Work item | A single stretch of the material below is to be transcribed exactly, starting at the line with "Lohr am Main" and ending after the line with "David Yurman Crossover Ring Sale".

Material to process |
____

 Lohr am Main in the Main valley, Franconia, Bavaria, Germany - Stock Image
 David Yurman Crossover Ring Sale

____

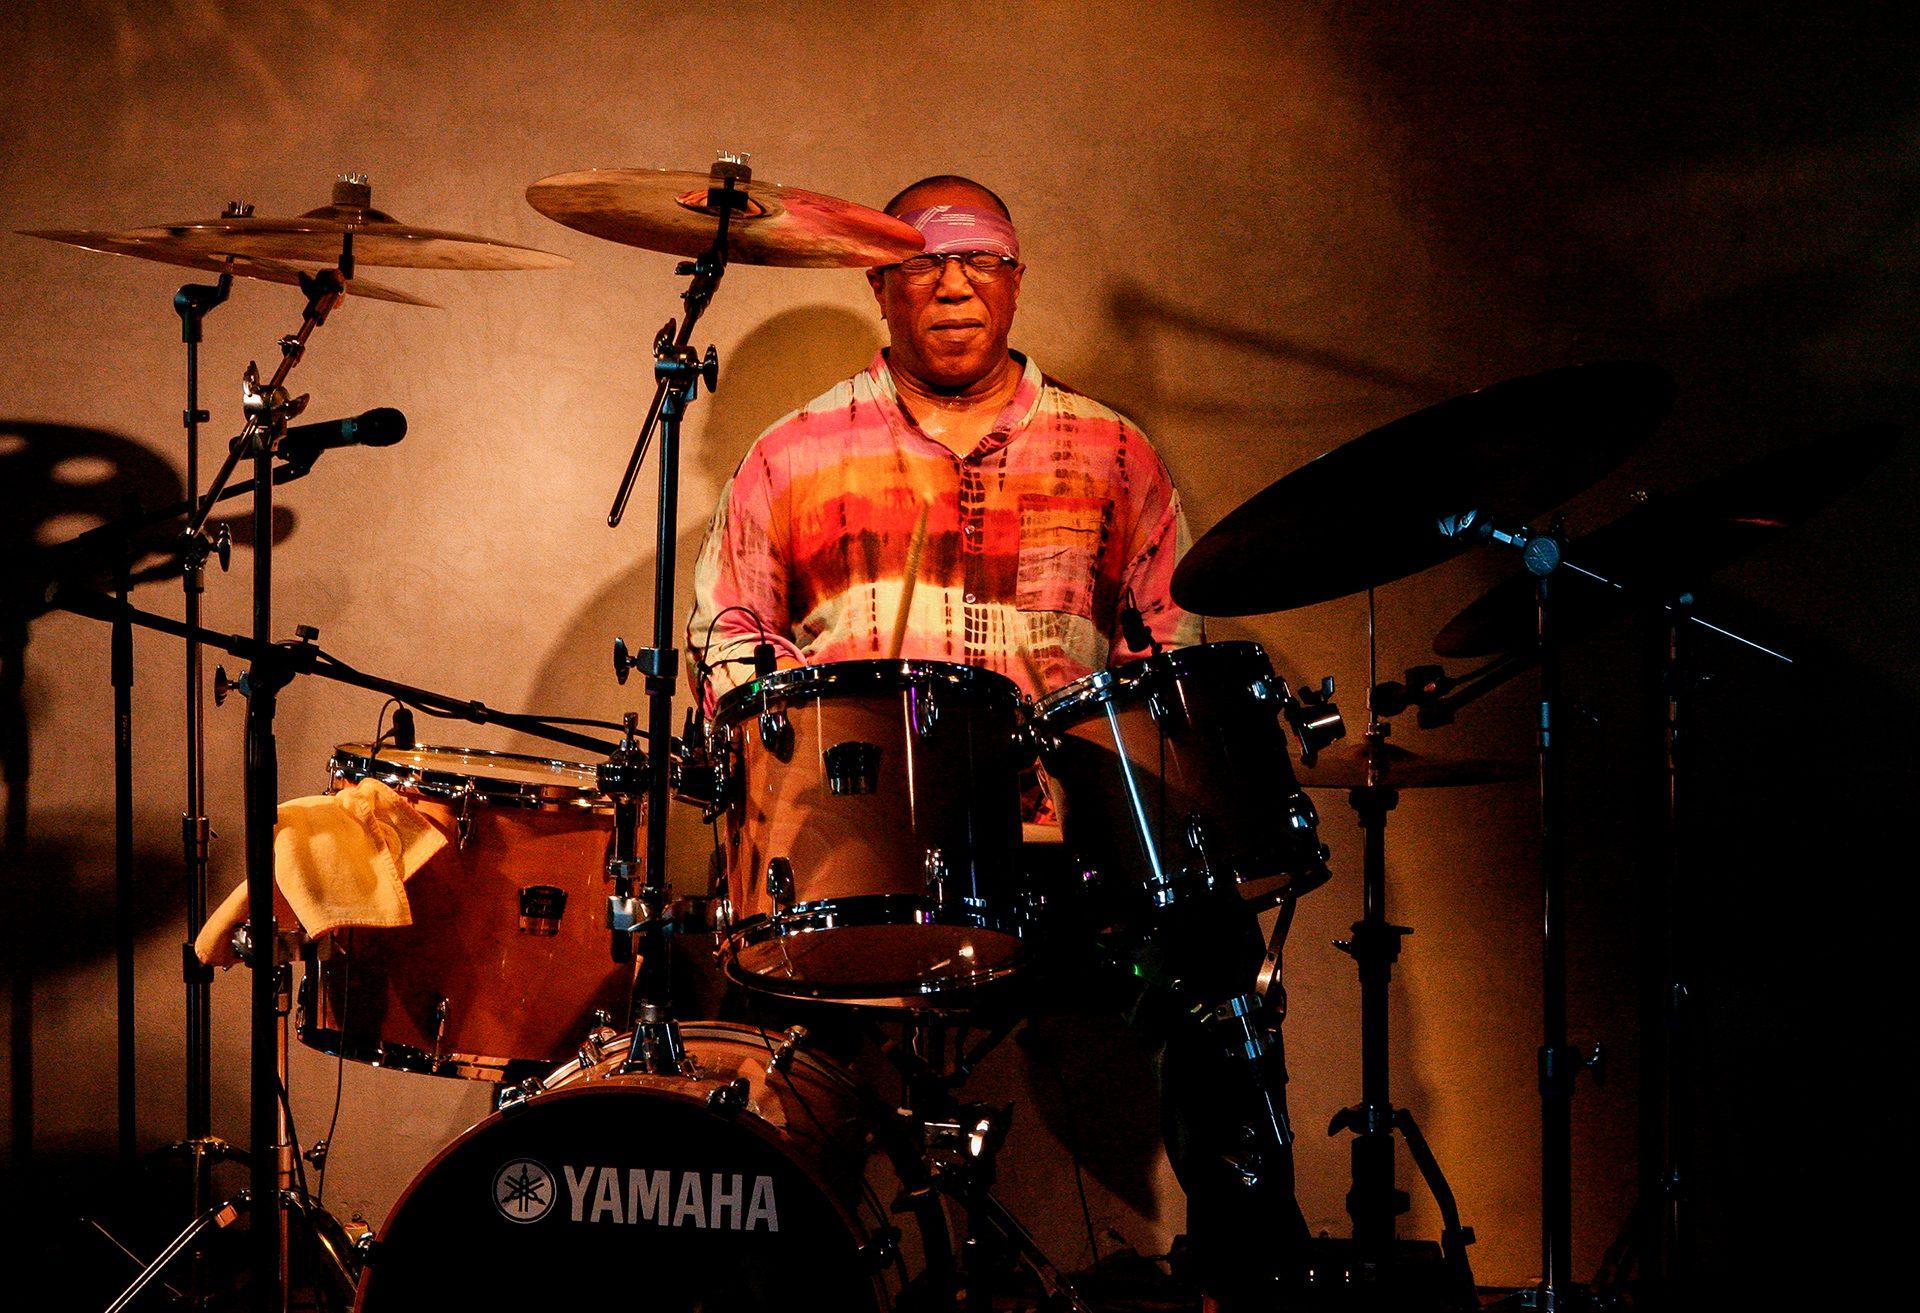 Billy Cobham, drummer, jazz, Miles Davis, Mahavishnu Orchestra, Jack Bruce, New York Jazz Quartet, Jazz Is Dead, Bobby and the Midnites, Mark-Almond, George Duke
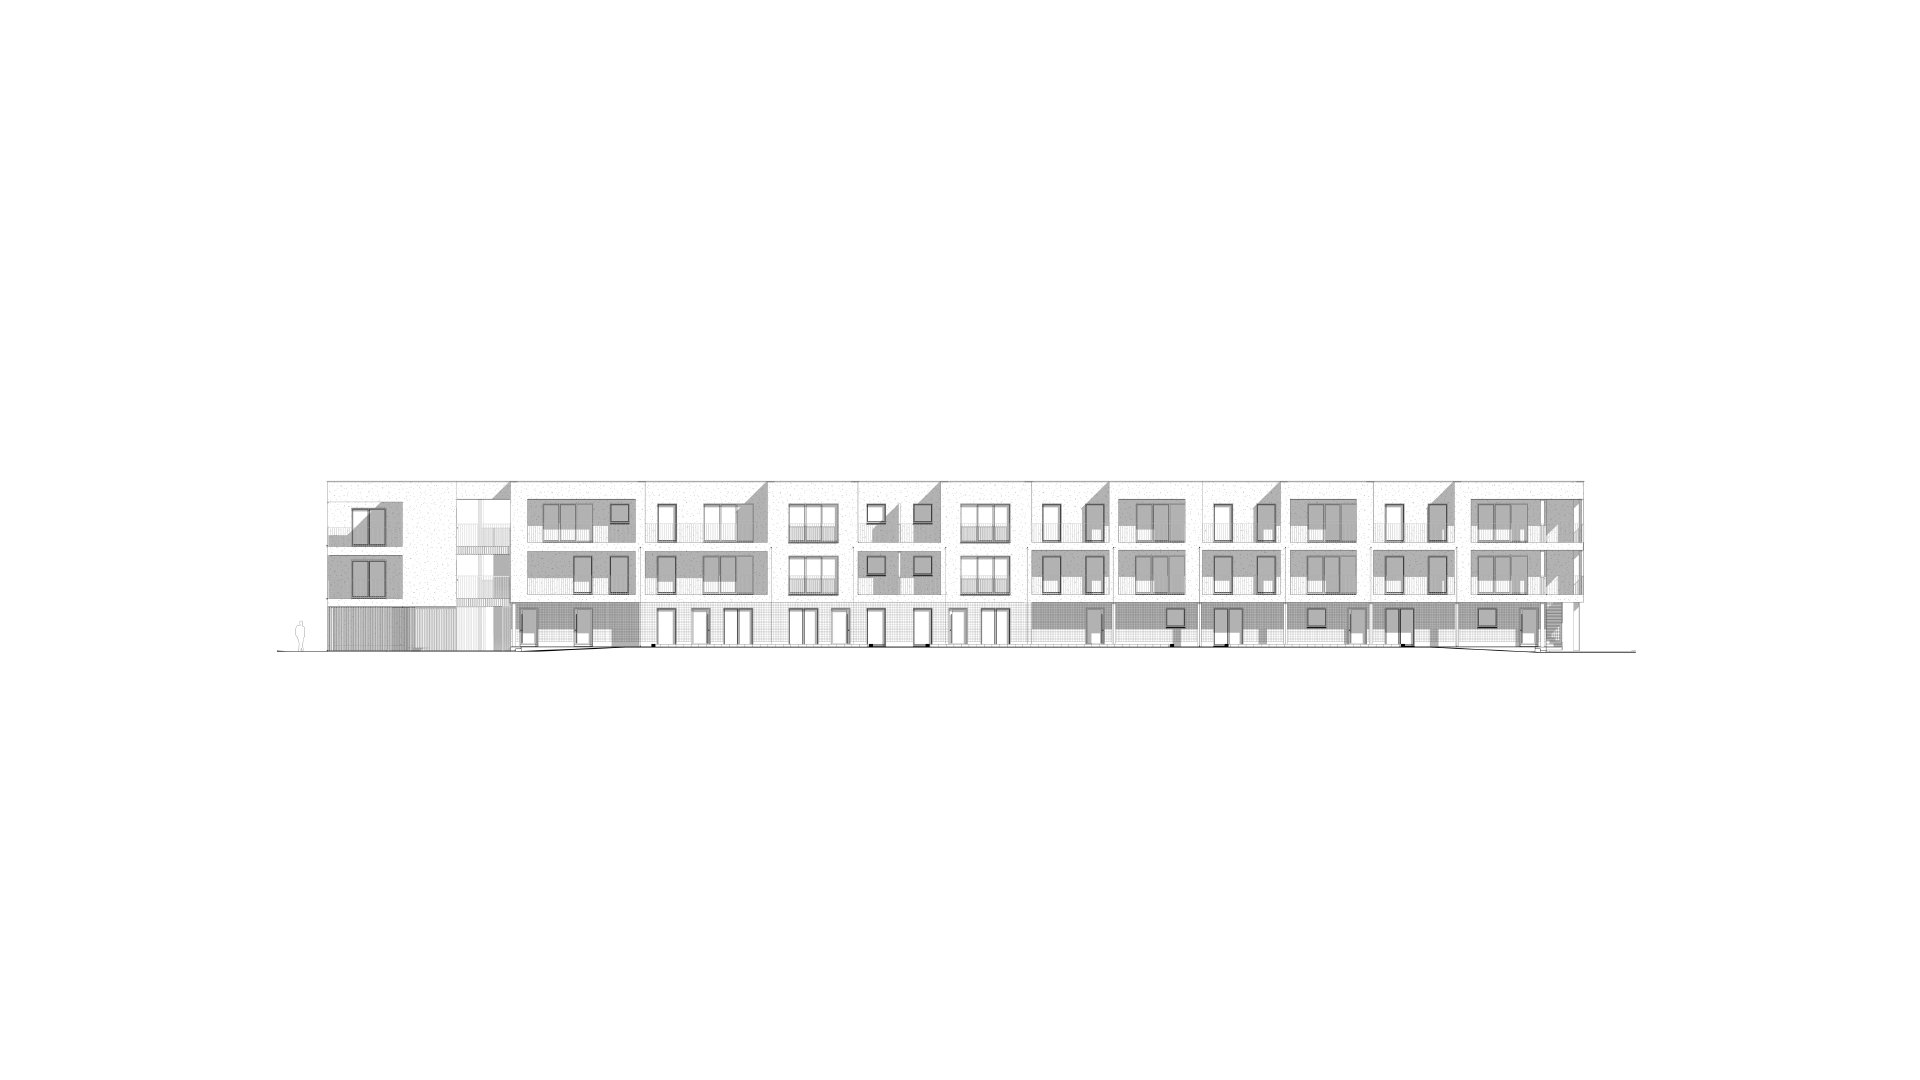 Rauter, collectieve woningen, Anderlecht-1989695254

____

Answer for the task |
 Lohr am Main in the Main valley, Franconia, Bavaria, Germany - Stock Image
 David Yurman Crossover Ring Sale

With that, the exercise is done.